[Data under study]

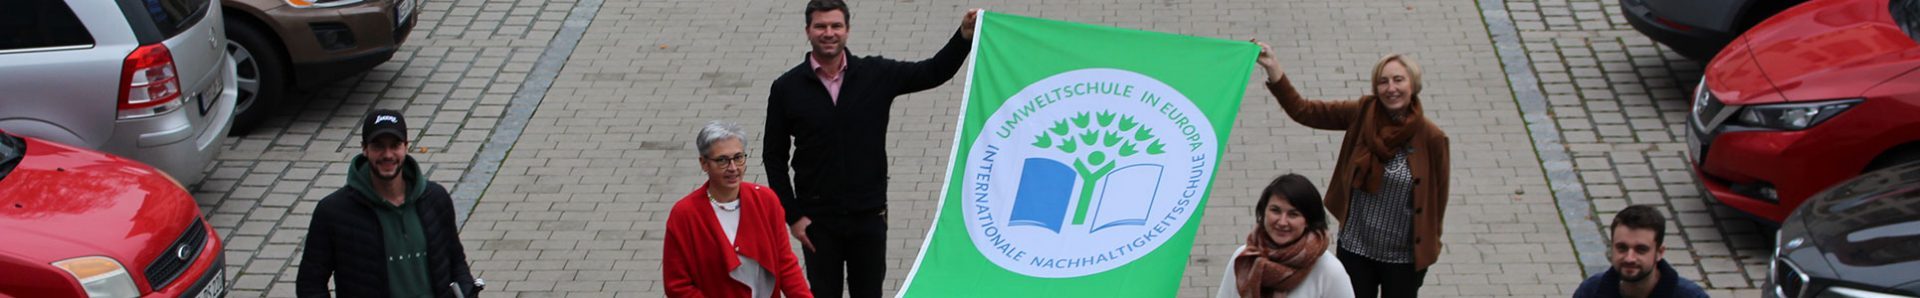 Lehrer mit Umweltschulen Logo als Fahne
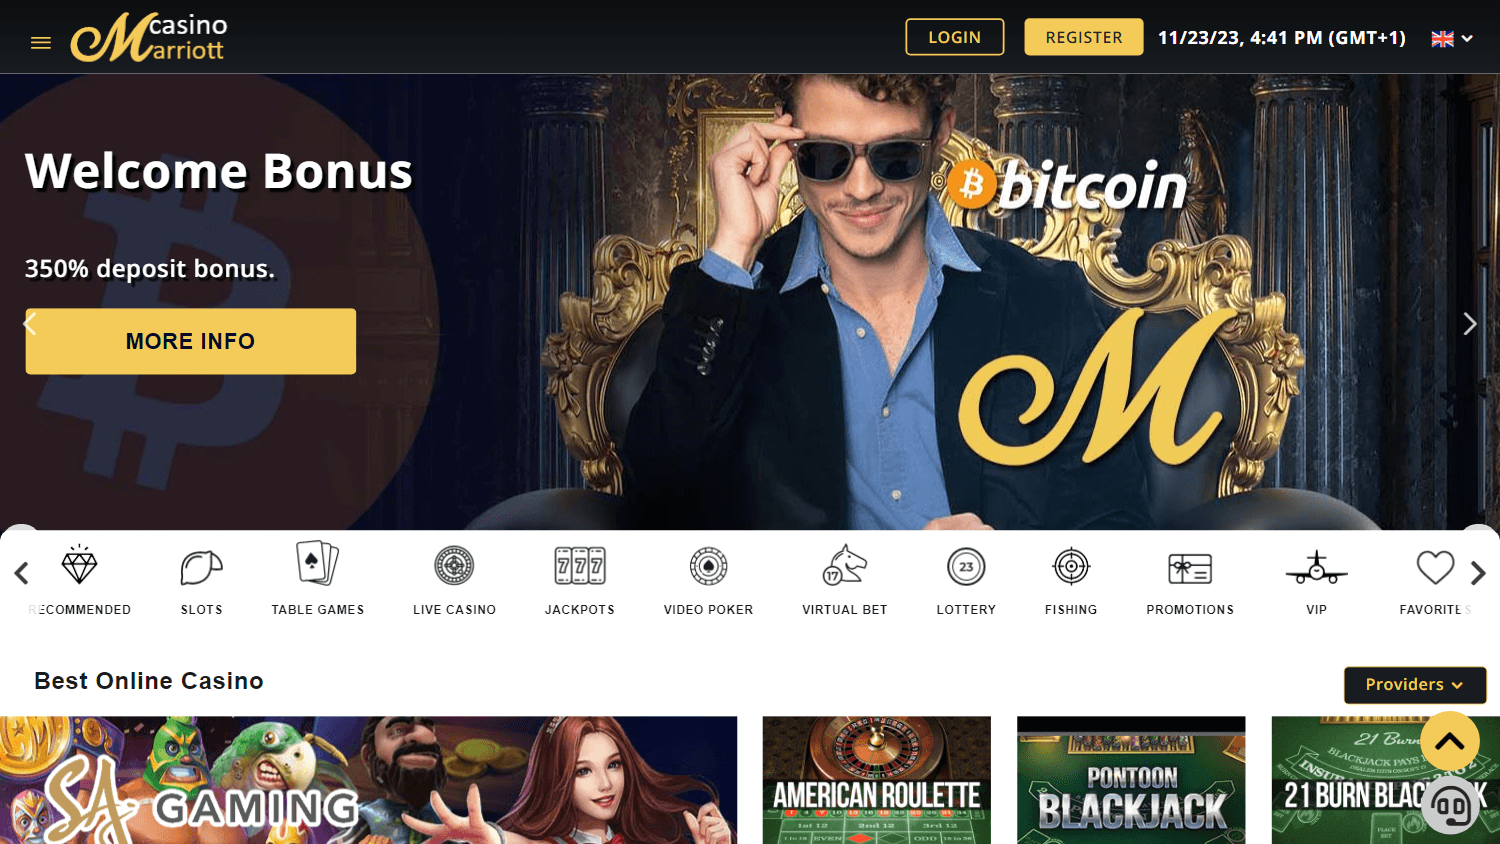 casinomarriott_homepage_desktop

[/Data under study]
[Data under study]

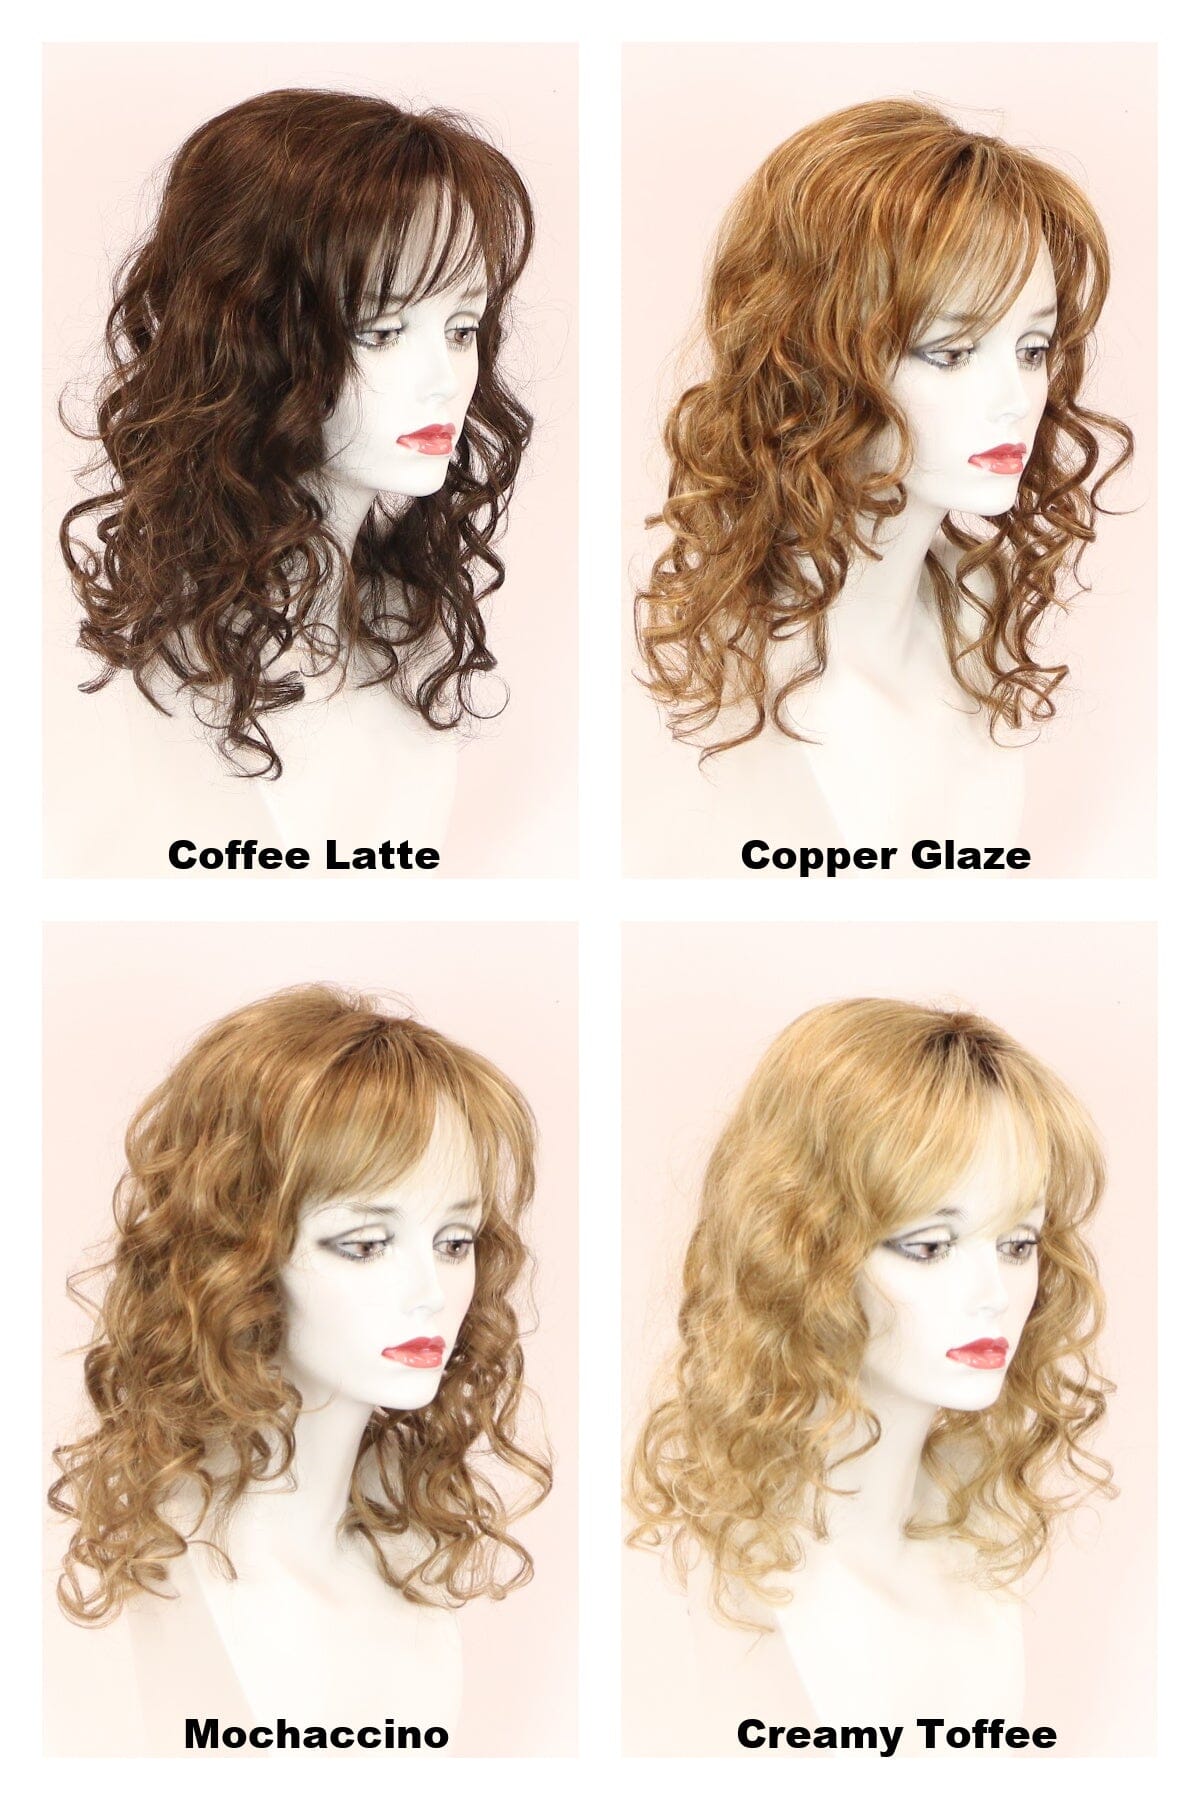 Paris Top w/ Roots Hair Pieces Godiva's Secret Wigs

[/Data under study]
[Data under study]

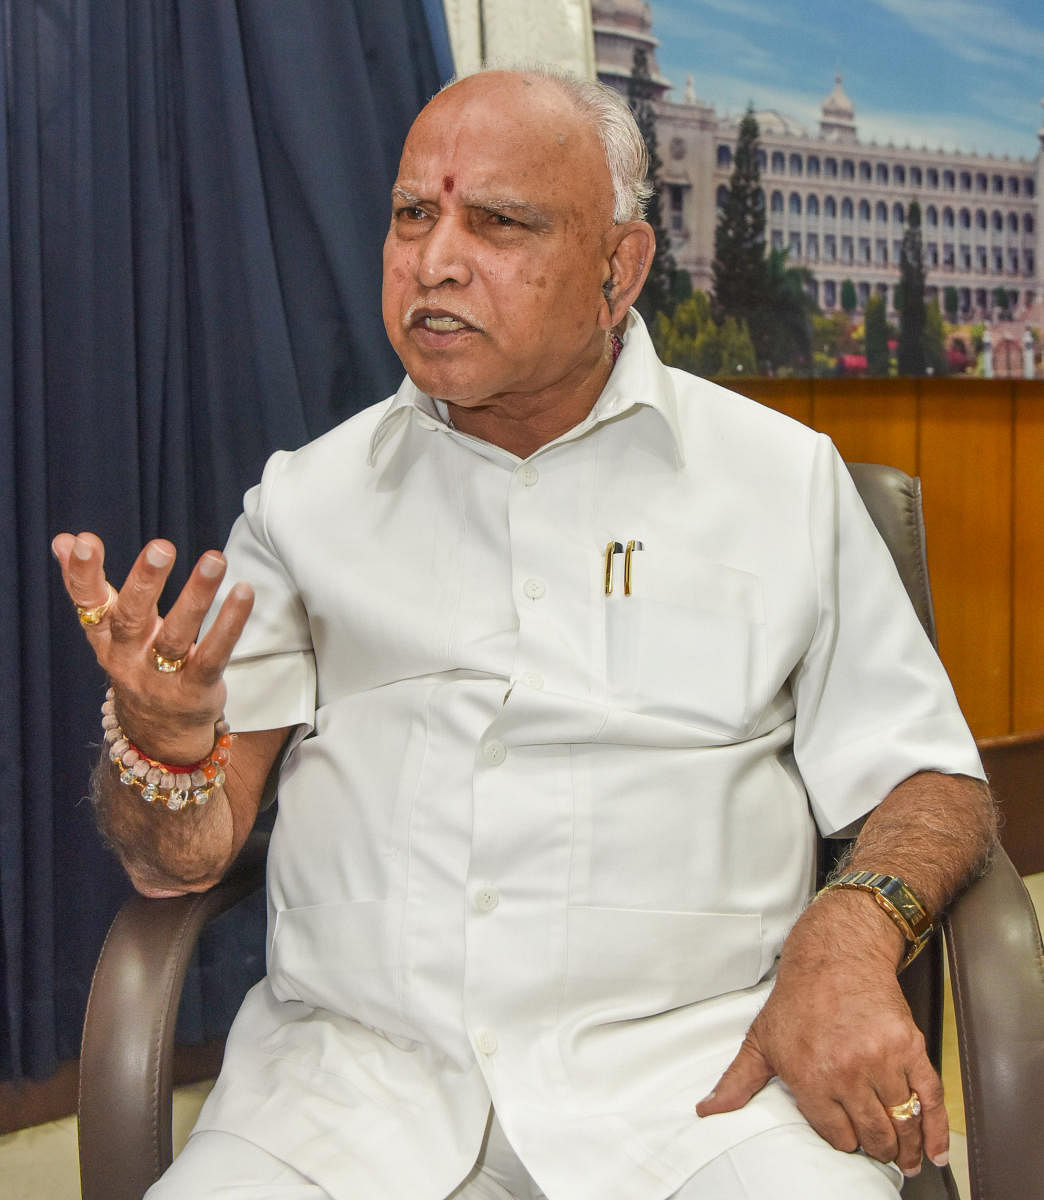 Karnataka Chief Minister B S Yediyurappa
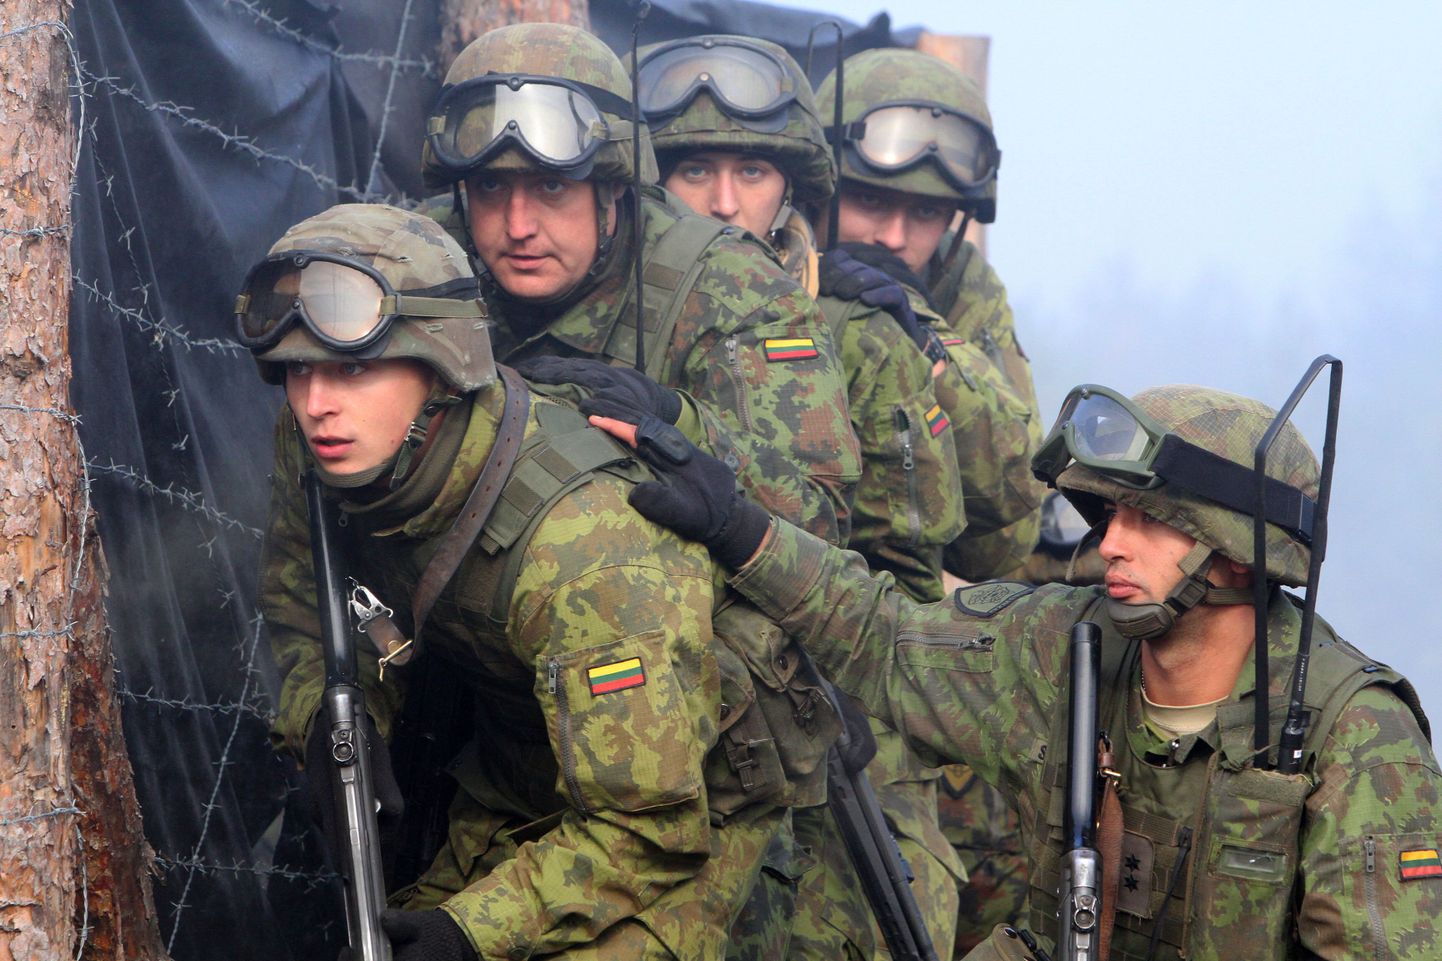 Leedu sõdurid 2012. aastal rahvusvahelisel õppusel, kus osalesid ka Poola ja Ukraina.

[/Data under study]

Work task:
What should come back is an exact copy of the lines above from the line with "Lehrer mit Umweltschulen Logo als Fahne" to the line with "casinomarriott_homepage_desktop", both included, minus the pictures.

Response area:
 Lehrer mit Umweltschulen Logo als Fahne
 casinomarriott_homepage_desktop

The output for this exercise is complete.